A lot, it turns out, especially when it means trying to be the sleuth who can say they’ve finally discovered the identity of D.B. Cooper. The enigmatic outlaw touched off “the holy grail” of American mysteries” in 1971 when he donned sunglasses, business suit and skinny black tie to hijack a Seattle-bound passenger plane and parachute away with $200,000.

The four-part Netflix series, “D.B. Cooper: Where Are You” picks through some of the best known theories about Cooper’s identity. Available July 13, the series also introduces viewers to a cavalcade of serious D.B. Cooper obsessives, people who have dedicated their lives, reputations or personal fortunes to make a case for their preferred suspect.

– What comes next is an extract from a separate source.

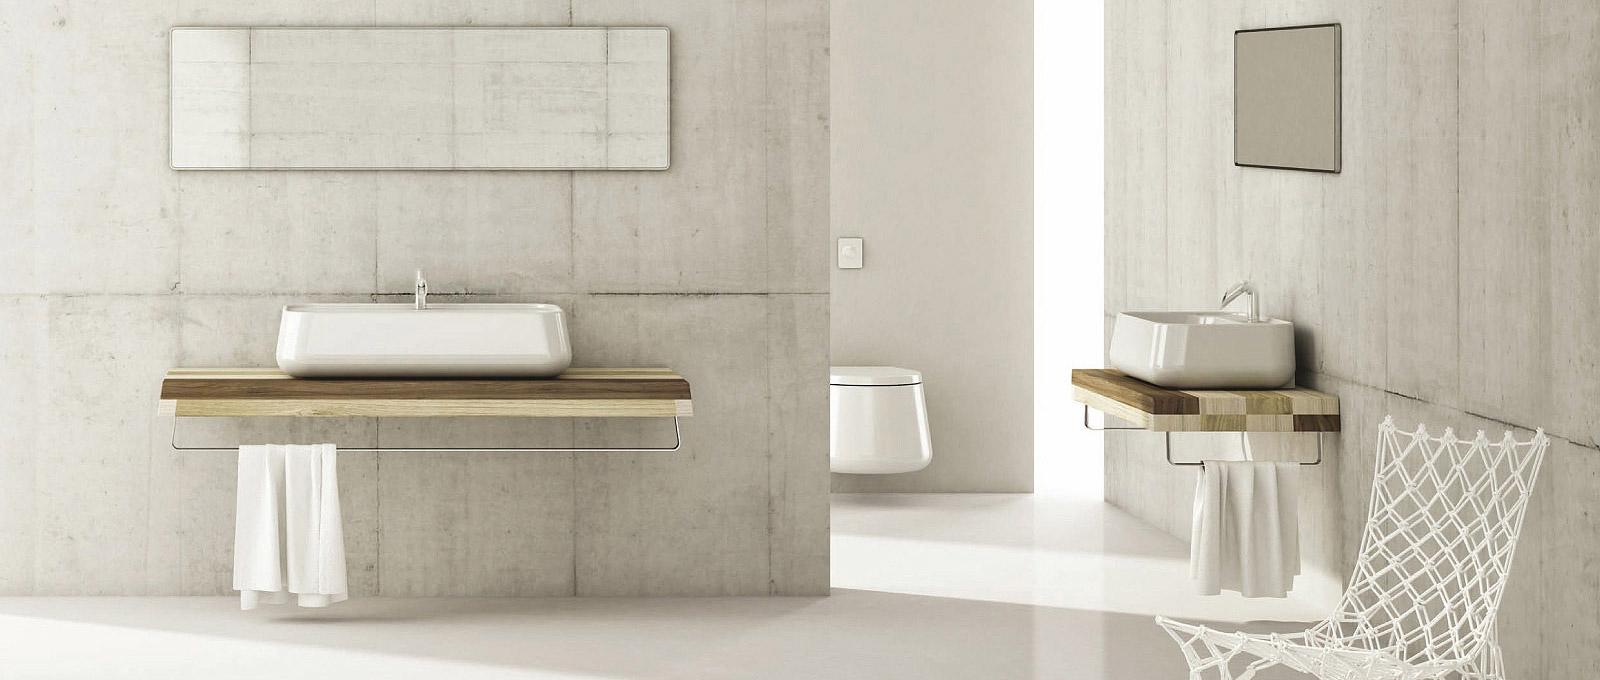 Emejing De Simon Arredamenti Pictures - Home Design Ideas 2017 ...

“The only person more famous than D.B. Cooper is the person who finds him,” Geoffrey Gray, author of “Skyjack: The Hunt for D.B Cooper,” says in the series.

D.B. Cooper: Where Are You?! Cr. Netflix © 2022
D.B. Cooper: Where Are You?! Cr. Netflix © 2022 

Was the hijacker Robert Rackstraw, a Vietnam vet and former pilot from the Santa Cruz area, who also may have worked for the CIA? He’s the suspect vigorously promoted by author and former TV producer Tom Colbert and his volunteer cold case team of retired investigators in what Colbert said has been his “historic fight for the truth.”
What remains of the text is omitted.